What the task requires: Please give the listing again in full, leaving out its images.

** Opening Dataset content block **

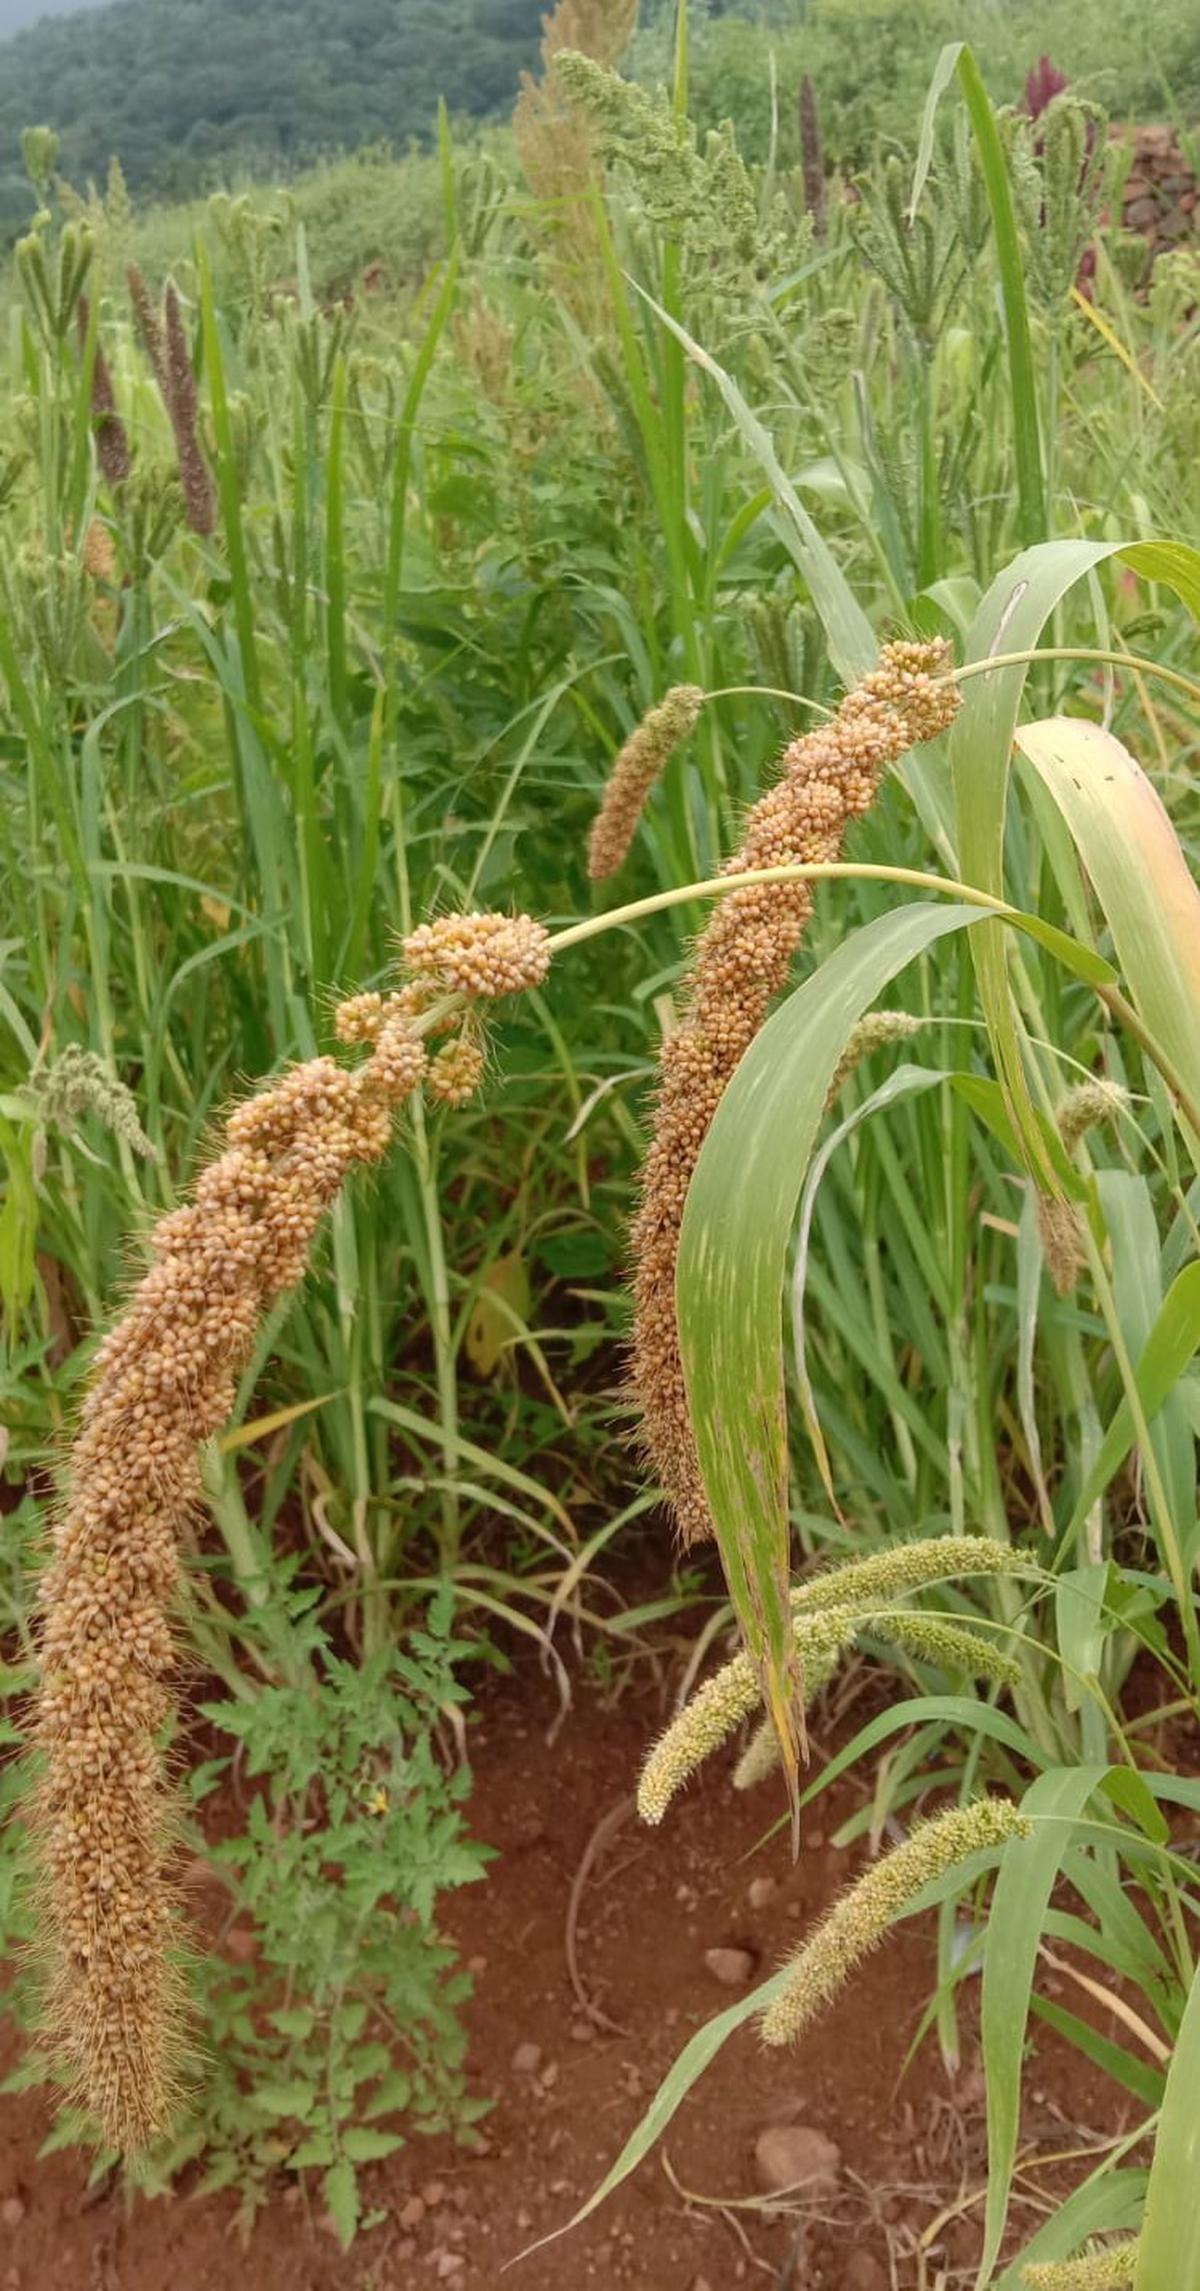 'Kuthiravali' or barnyard millet cultivated at Attappady
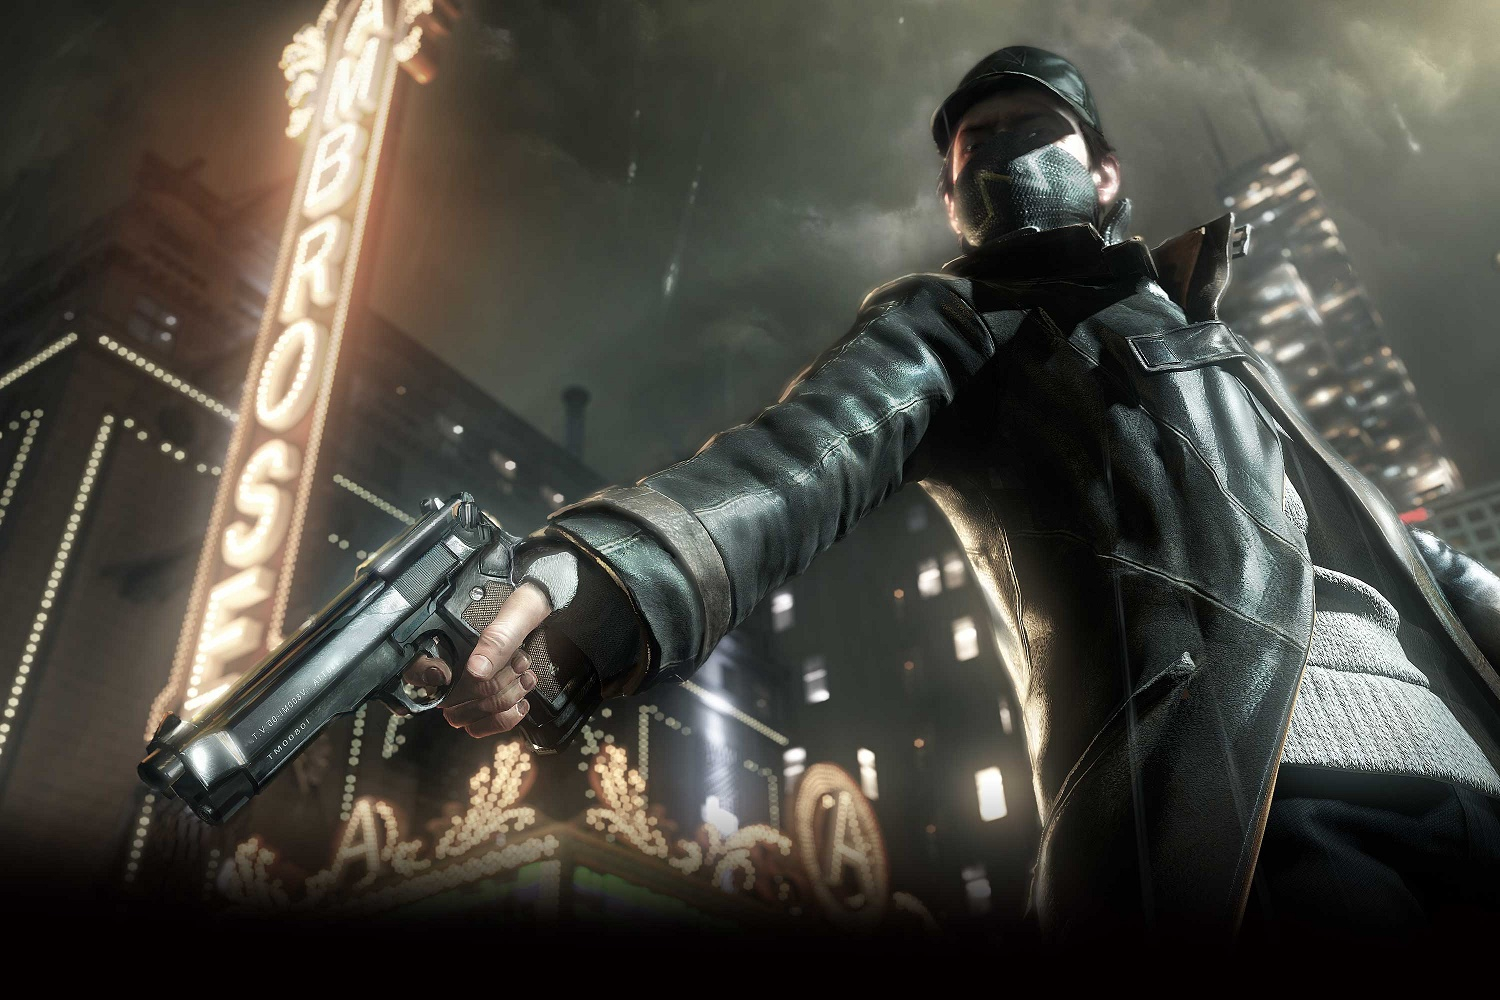 Watch Dogs and the Stanley Parable are currently free on the Epic Games Store
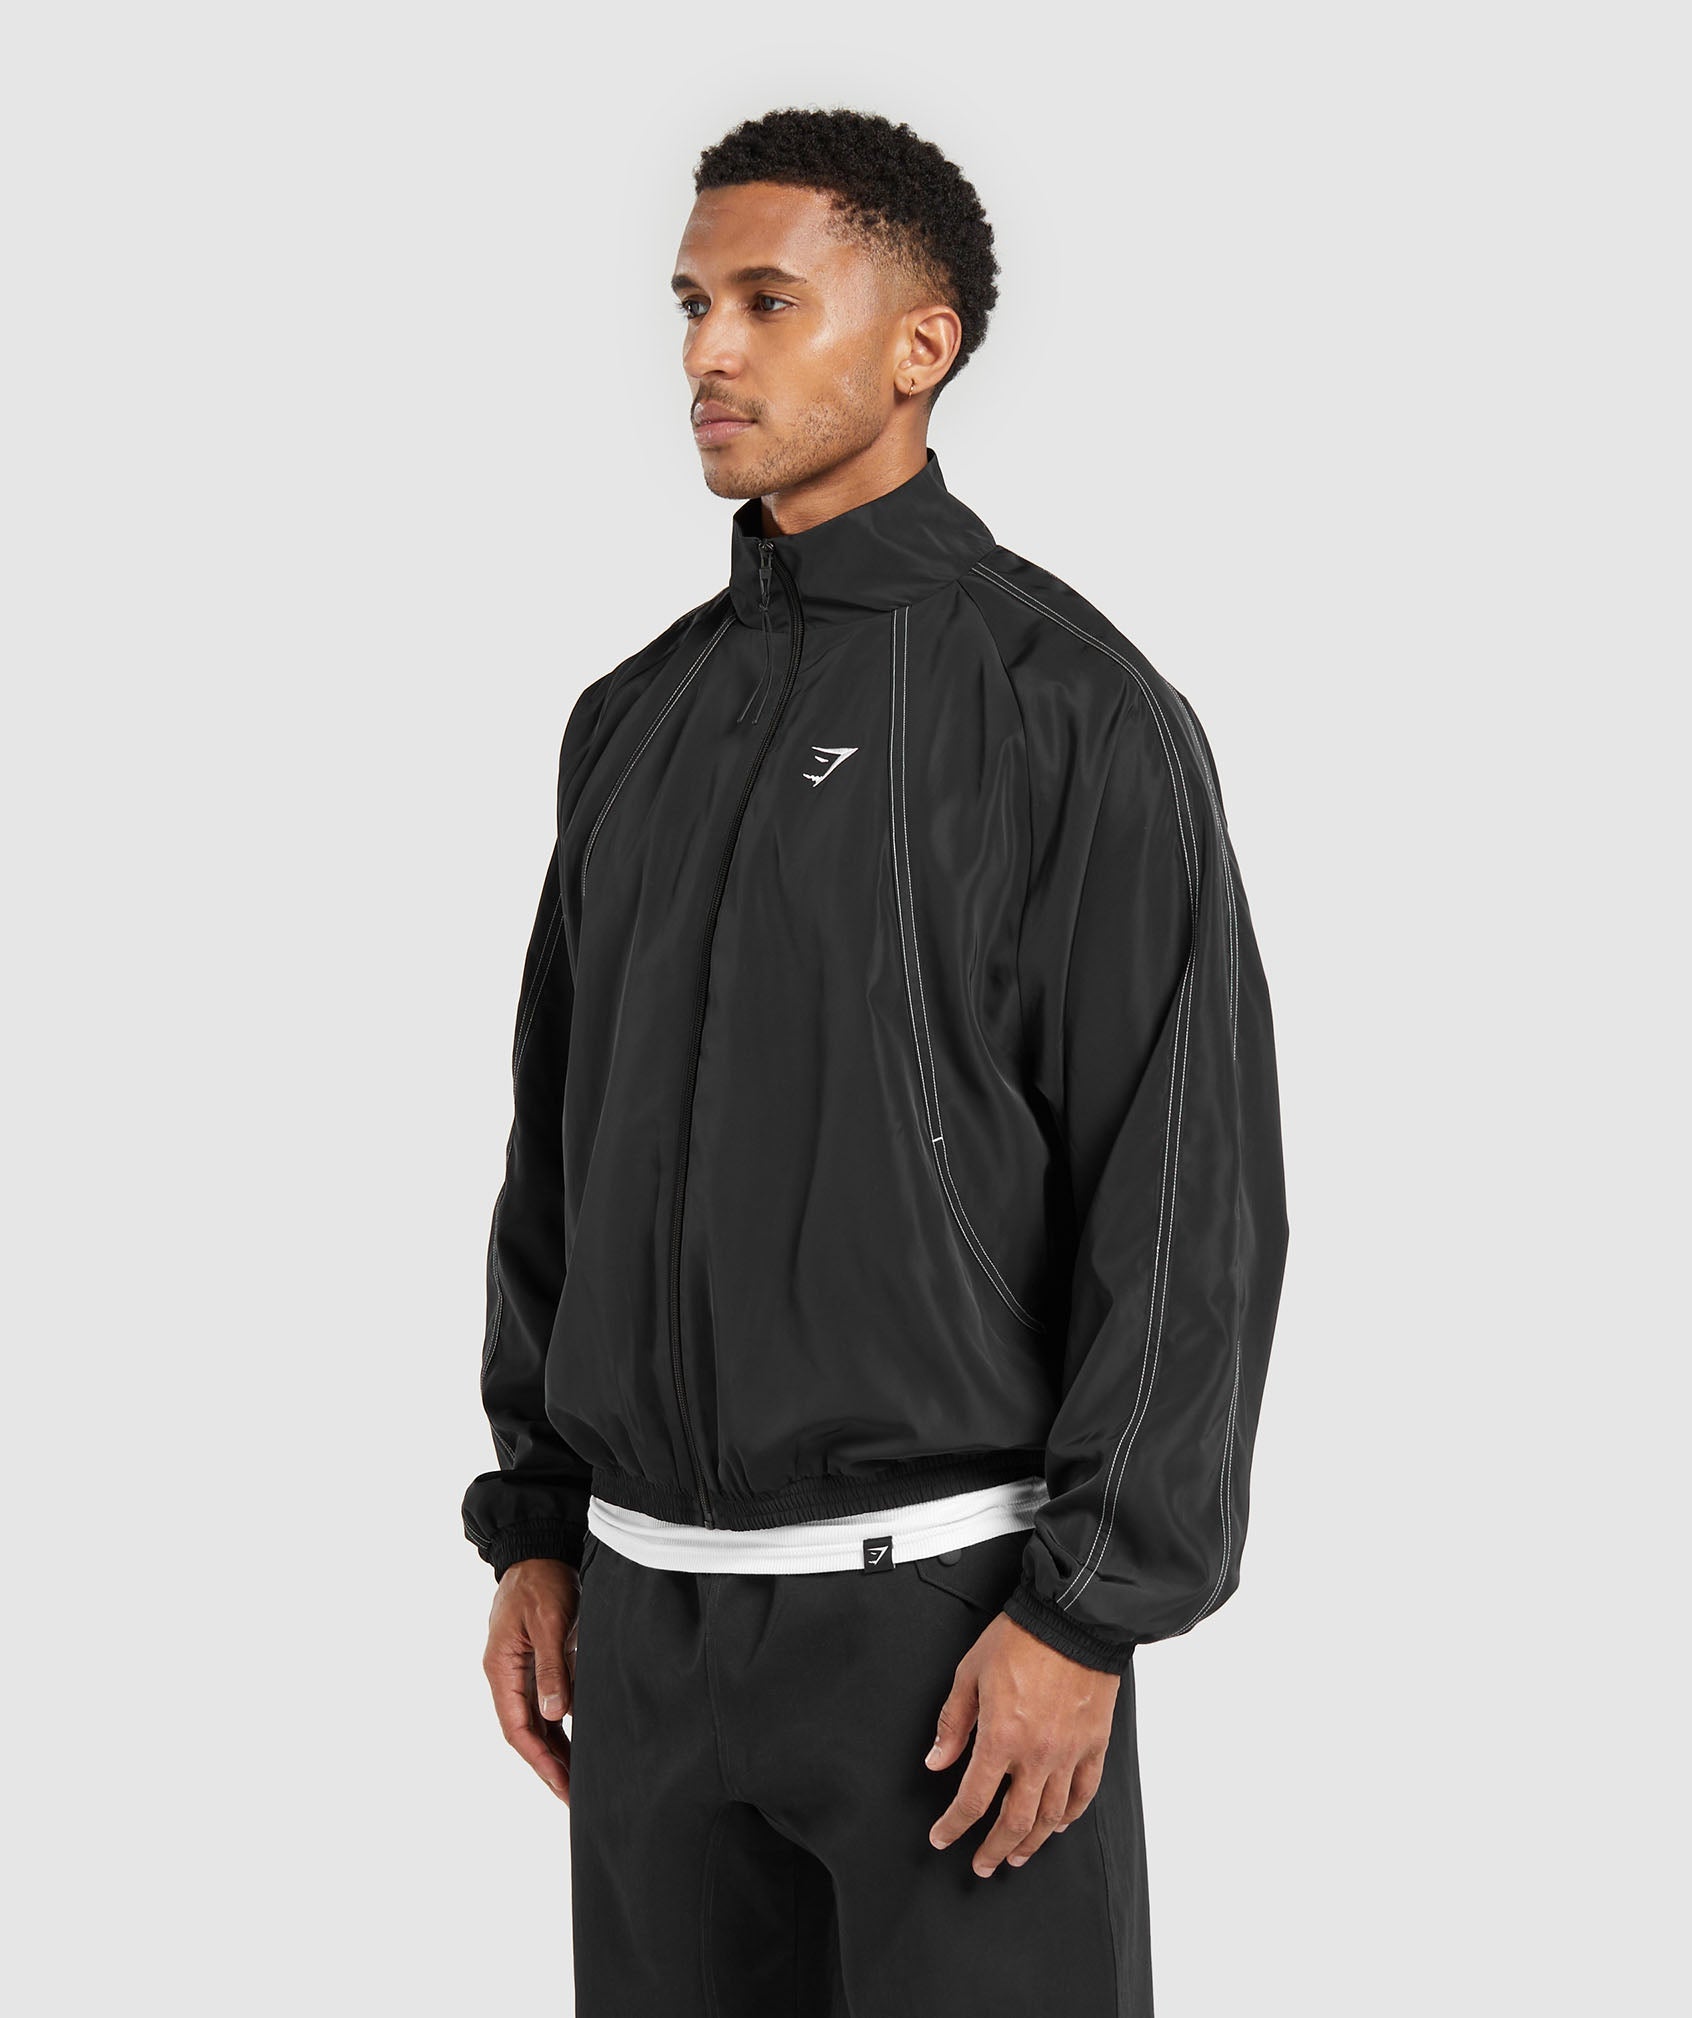 Track Top in Black - view 3

** Closing Dataset content block **

Expected output:
 'Kuthiravali' or barnyard millet cultivated at Attappady
 Watch Dogs and the Stanley Parable are currently free on the Epic Games Store
 Track Top in Black - view 3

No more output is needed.